The answer is every line in the data below that contains the word "Mountain".

# [Exercise data]
"""
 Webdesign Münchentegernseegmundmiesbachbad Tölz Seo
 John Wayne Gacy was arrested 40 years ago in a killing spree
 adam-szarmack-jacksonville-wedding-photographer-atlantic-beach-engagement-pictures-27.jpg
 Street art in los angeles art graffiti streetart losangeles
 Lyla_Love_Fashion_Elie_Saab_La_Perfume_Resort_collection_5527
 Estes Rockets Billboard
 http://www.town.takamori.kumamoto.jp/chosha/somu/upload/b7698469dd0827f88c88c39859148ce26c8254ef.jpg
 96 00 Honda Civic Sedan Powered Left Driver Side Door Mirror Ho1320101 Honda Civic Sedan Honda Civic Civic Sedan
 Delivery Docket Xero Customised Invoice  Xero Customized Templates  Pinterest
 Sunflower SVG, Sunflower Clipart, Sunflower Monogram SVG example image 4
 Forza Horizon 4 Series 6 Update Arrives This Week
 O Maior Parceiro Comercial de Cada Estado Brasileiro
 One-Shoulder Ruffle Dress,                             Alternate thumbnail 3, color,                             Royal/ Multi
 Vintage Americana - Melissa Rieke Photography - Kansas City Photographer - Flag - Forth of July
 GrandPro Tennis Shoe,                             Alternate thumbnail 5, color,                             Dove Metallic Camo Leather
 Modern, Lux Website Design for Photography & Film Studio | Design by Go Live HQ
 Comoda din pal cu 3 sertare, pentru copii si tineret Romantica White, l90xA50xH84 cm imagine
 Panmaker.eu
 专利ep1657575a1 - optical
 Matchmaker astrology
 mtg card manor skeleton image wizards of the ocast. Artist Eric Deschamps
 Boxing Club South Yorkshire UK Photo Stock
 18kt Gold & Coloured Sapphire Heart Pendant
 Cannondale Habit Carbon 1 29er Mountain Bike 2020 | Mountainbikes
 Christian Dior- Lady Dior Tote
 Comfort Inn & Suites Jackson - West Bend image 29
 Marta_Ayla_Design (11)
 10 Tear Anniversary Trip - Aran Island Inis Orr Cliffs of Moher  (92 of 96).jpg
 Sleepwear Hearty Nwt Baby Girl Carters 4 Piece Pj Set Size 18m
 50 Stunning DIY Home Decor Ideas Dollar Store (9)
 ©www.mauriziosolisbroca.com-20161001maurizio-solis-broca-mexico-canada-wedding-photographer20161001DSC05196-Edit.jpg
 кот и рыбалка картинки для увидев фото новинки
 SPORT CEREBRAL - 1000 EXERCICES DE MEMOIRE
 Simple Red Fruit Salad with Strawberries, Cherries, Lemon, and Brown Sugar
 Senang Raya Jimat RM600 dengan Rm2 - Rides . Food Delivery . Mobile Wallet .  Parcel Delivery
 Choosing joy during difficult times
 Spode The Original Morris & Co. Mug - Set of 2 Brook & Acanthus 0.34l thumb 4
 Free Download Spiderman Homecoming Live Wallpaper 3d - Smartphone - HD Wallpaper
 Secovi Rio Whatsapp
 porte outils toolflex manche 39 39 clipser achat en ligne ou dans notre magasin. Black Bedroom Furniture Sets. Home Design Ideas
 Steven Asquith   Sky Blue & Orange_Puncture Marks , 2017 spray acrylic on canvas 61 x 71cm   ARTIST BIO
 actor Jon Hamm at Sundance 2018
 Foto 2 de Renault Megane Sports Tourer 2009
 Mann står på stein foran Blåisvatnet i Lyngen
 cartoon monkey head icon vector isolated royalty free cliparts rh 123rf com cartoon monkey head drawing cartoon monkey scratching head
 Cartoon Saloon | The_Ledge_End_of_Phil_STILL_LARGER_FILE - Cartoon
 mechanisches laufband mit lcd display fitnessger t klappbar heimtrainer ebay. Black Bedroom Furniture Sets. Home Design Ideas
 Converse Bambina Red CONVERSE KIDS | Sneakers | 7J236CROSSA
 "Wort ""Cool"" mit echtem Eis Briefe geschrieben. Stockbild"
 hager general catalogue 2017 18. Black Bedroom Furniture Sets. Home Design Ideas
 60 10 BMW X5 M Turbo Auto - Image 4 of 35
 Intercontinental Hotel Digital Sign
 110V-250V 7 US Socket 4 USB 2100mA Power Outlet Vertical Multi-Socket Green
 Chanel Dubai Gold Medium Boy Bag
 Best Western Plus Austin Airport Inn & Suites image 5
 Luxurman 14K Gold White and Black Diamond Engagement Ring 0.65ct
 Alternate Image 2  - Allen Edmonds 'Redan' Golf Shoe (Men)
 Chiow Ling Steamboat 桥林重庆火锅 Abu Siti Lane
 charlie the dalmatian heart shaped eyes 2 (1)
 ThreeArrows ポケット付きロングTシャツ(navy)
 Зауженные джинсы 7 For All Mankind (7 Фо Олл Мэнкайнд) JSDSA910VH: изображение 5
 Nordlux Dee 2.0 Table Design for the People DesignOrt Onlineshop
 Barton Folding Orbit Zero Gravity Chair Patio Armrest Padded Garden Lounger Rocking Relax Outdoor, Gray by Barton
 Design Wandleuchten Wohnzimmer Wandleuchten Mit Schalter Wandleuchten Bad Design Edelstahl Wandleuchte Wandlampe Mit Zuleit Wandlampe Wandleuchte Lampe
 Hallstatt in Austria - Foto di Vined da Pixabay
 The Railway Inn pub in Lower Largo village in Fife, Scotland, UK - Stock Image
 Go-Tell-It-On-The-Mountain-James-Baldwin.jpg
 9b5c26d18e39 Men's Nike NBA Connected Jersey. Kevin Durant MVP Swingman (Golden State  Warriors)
"""
# [Exercise answer]
 Cannondale Habit Carbon 1 29er Mountain Bike 2020 | Mountainbikes
 Go-Tell-It-On-The-Mountain-James-Baldwin.jpg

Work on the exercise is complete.